What is the variance in a user-defined struct type?

In neither reference nor nomicon can I find the specification regarding the variance in a user-defined type.

Consider this example:

struct Data<'a>(&'a i32);
fn test_lifetime<'a>(f:&'a i32,v2:& Data<'a>){}

fn main(){
	let i0 = 0;
	let mut d = Data(&i0);
	{
		let i = 0;
		test_lifetime(&i, & d);  // assume `&i` is `&'a i`
	}
	d;  // ensure `d` has a larger region, called 'b
}

First, 'b:'a if the lifetime for &i is 'a. The above-mentioned documents say

&'a T is covariant in its T

Hence, given a type U, &'_ U can be coerced to &'_ T if U is a subtype of T. In my case, U is Data<'b> while T is Data<'a>. I don't find the specification that says a user-defined struct type is covariant in its lifetime parameter, which would give the relation that Data<'b> is a subtype of Data<'a> if 'b:'a.

That's because it isn't. It has the same variance as the usage of that lifetime parameter. Data uses this parameter by passing it into a shared reference, which is covariant in that lifetime, therefore Data is covariant in it, too.
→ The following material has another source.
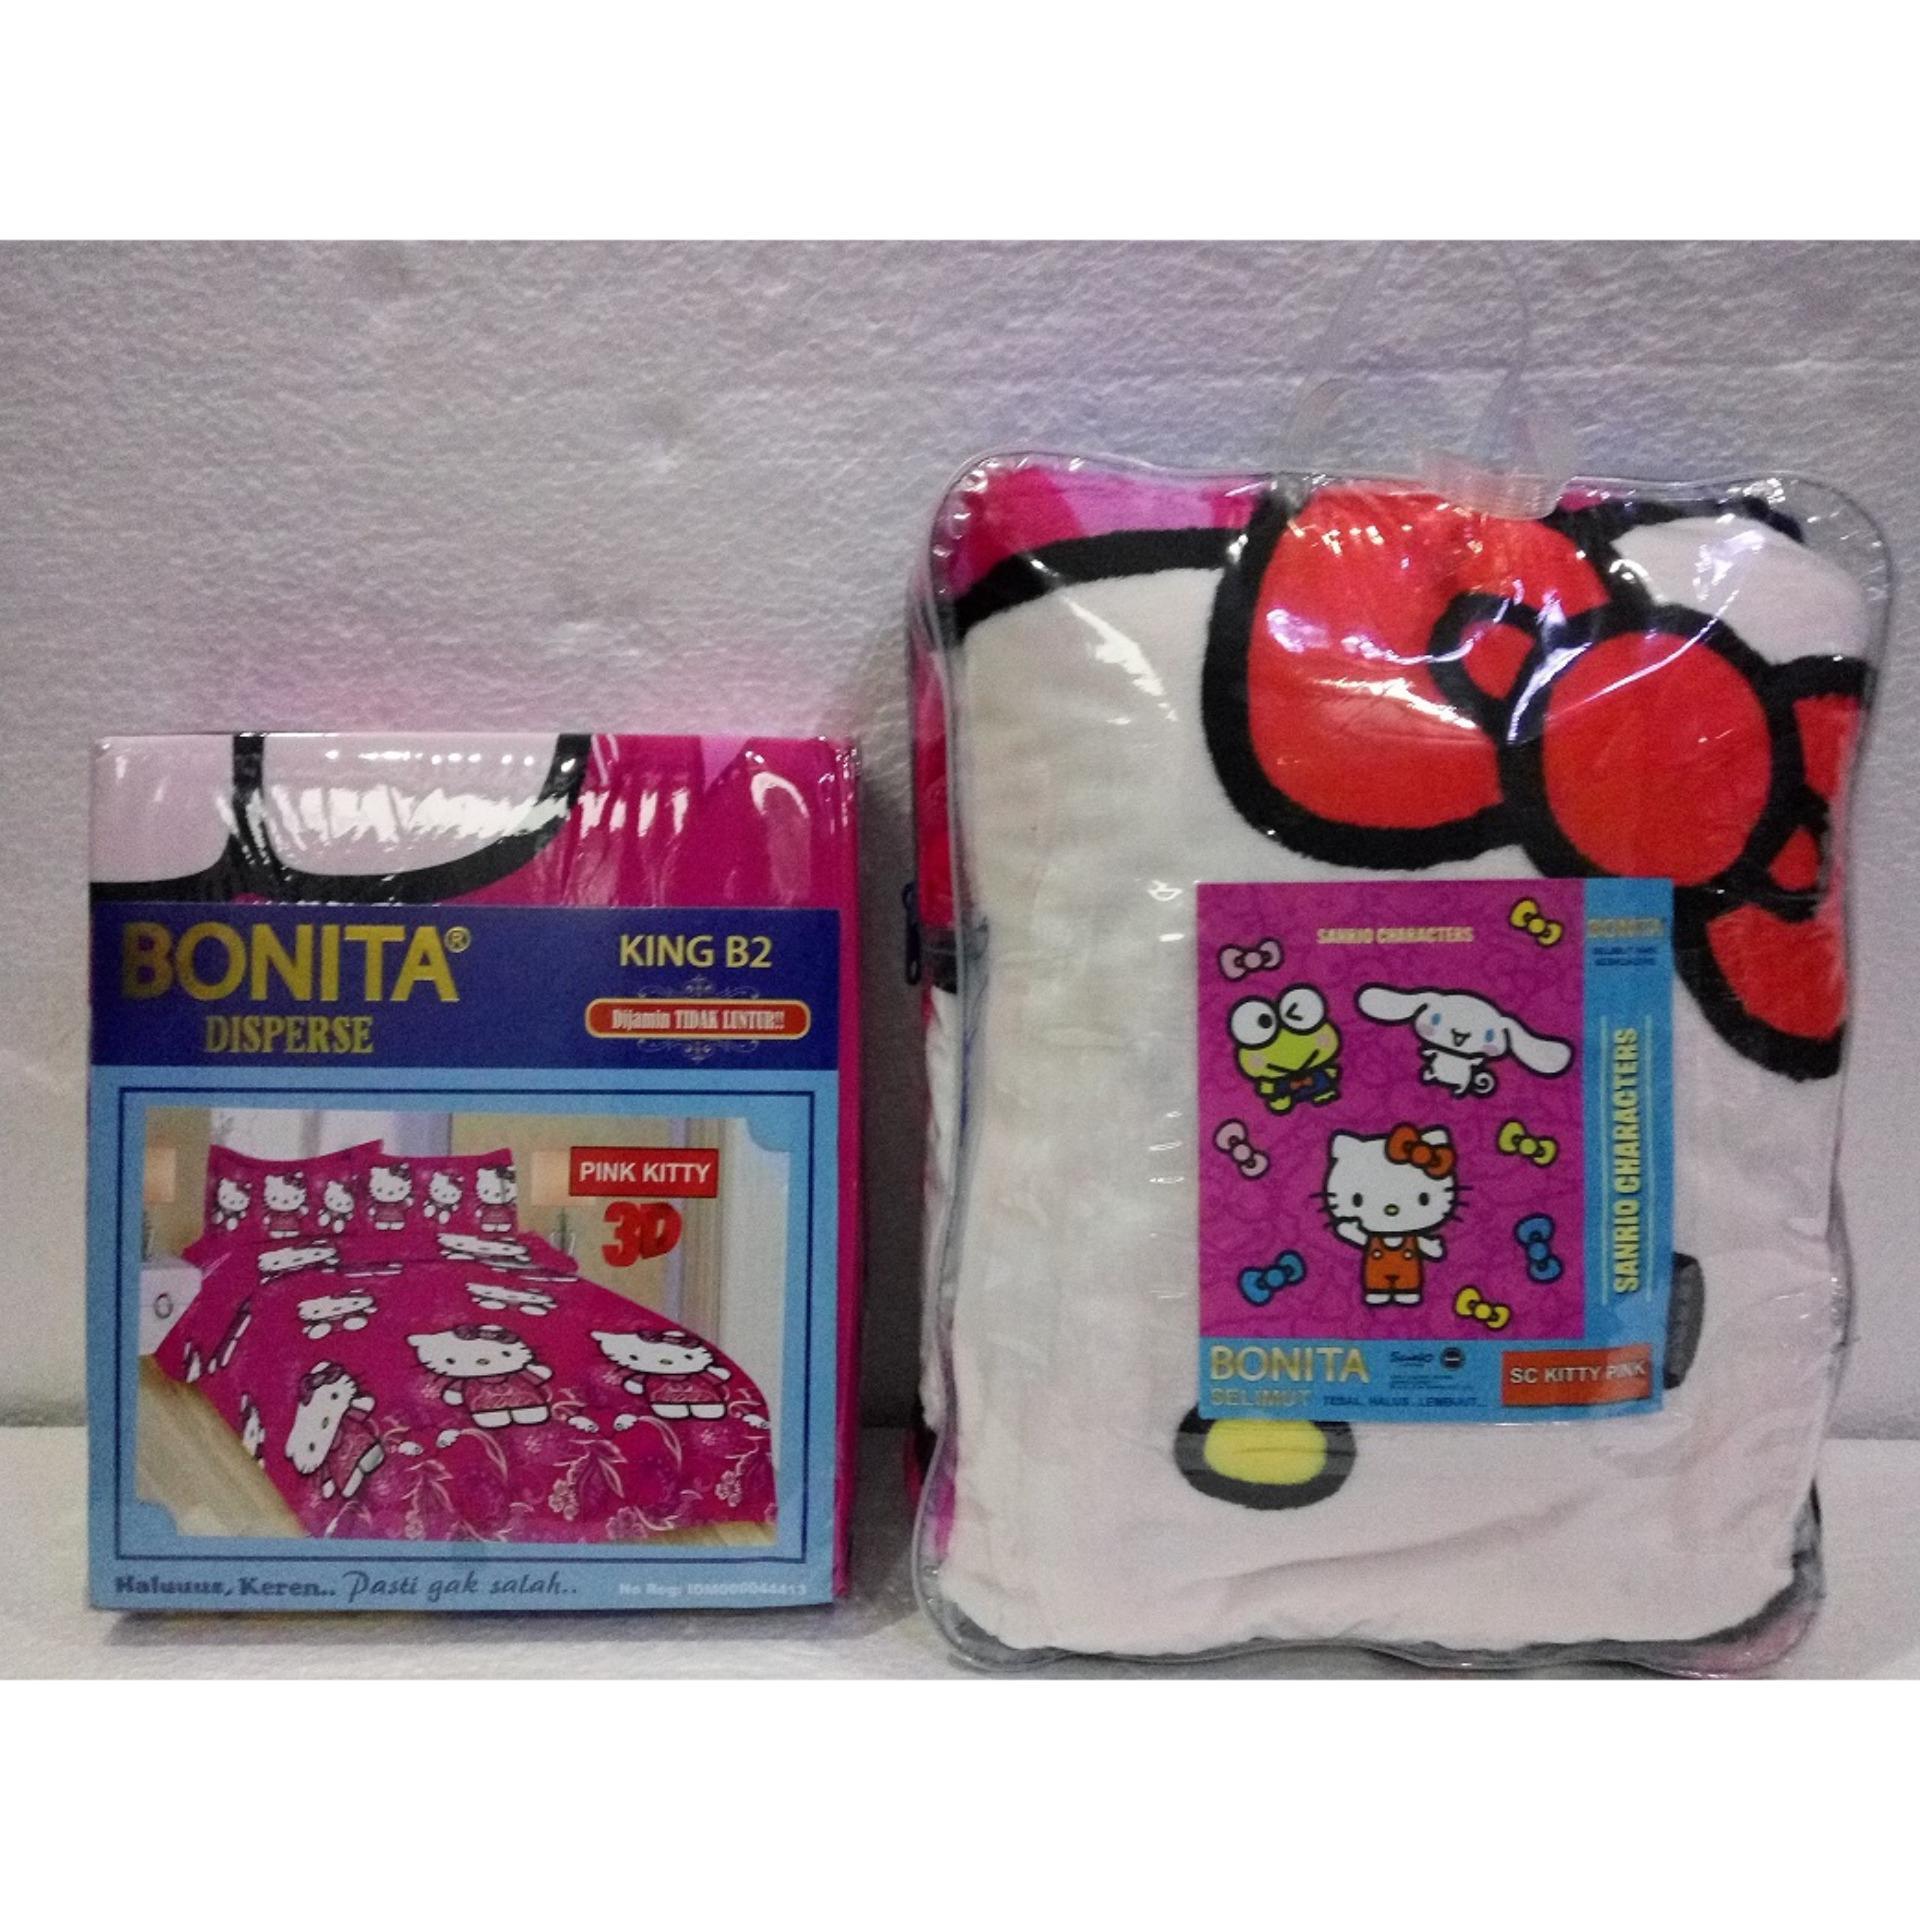 Harga Couple Sprei Dan Selimut Super Lembut Dan Tebal Merk Bonita Pink Kitty Yang Bagus

> It has the same variance as the *usage* of that lifetime parameter.

I don't think so. when we pass &i as the first argument of test_lifetime, the largest region where &i can be valid is the block scope, we called it 'inner. Obviously, the lifetime in the type of d should have a larger region than 'inner, which is called 'b because we can use d outside of the block scope. Now, we know the type of d should be Data<'b>, the lifetime parameter of test_lifetime at most is inferred to 'inner, which means we have the signature of test_lifetime

fn test_lifetime(f:&'inner i32, v2:&'_ Data<'inner>). 

From & Data<'b> to & Data<'inner>, there must be coercion occurs.

Data uses this parameter by passing it into a shared reference, which is covariant in that lifetime, therefore Data is covariant in it, too.

Yes, I know &'a T is covariant in its 'a. However, there is no rule that says Data<'b> will be covariant in 'b if its field is so.

Quoting the reference:

The variance of other struct , enum , and union types is decided by looking at the variance of the types of their fields. If the parameter is used in positions with different variances then the parameter is invariant.

And it's possible to modify your example to get an error due to invariance of Cell<T> in T - namely, this:

use core::cell::Cell;

struct Data<'a>(Cell<&'a i32>);
fn test_lifetime<'a>(_: &'a i32, _: &Data<'a>) {}

fn main() {
    let i0 = 0;
    let d = Data(Cell::new(&i0));
    {
        let i = 42;
        test_lifetime(&i, &d); // assume `&i` is `&'a i`
    }
    let _ = d.0.get(); // use `&'b i0` stored in `Data`
}
3 Likes

Thanks, I see. I found that rule.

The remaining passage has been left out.